Here is a party in a parlour not quite so pleasant. Yet the room is beautiful, and the ladies and gentlemen who stand around the table playing ping-pong are well-dressed, and all look happy and gay. And here again she paused a minute, to gaze into a room in which were five or six fair-haired and pretty young children, each engaged in some parlour game, a big black cat right in the centre of the table, and a hobby-horse in one corner of the room—it was as good as a pantomime. Then came a great house with great windows, brilliantly lighted with flittering balls of electric lamps. It was a hotel dining-room, and those were the guests all sitting at the dozens of tables, looking like kings and queens. Waiters bringing silver trays glided hither and thither, and on the snow-white table-cloth lay silver and gold dishes, and sparkling glasses, and flowers of every hue. Peggy sighed again, but could not even yet say why she did so.

She turned and came slowly back. But she increased her speed when she came in sight of her own little cosy camp, the tent lit up and as white as linen, the lights streaming from the caravan windows. She sighed no longer.

One night, when everybody was out of the camp, save old Molly and herself, Peggy sat at the tent table. And Peggy felt very sad, for Kammie, her weird, old-world pet, had been ailing for weeks, and had got thinner and thinner, and colder and colder. He had taken no food, and when placed on the grass he hardly moved. Indeed, when laid on his side he scarcely cared to wriggle into a more comfortable position. He was on his little branch of wood, and had gone to sleep with one arm raised, which he did not seem to have the strength to take down again.
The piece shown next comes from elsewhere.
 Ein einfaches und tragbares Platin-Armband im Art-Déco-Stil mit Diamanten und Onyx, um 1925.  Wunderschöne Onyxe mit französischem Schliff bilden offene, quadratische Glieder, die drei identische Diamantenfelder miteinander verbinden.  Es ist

Peggy had been sitting in the tent for hours watching him. She did not even want to play. Presently she got up, and, followed by Ralph, walked down the winding pathway that led from the sea-road and shingle to the camp. She leaned over the gate, and as she did so noticed a figure advancing. She was a little timid, but Ralph gave voice at once to a welcoming bay, and sprang forward to place two friendly paws on Johnnie’s shoulder.
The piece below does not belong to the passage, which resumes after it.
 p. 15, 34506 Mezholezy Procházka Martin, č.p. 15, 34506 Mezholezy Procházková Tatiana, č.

“Oh, Johnnie,” she said, when he got close to her; “poor Kammie.”

“Not dead?”

“No; maybe not dead, but I’m sure he is going home.”

Then the innocent child began to sob and cry in her handkerchief.

Johnnie and she covered the cage up that night. They could not bear to see their favourite so very white and with so little colour in his tail.

Next morning the change came. Kammie was dead in reality now. The wonderful circular, brown, wrinkled eyelids that had always been a bonnie brown were black. The sides only of the body were jet black, every other part pale, white almost as snow, only about the gills a sunset glow of red. The tail was speckled yellow and gray.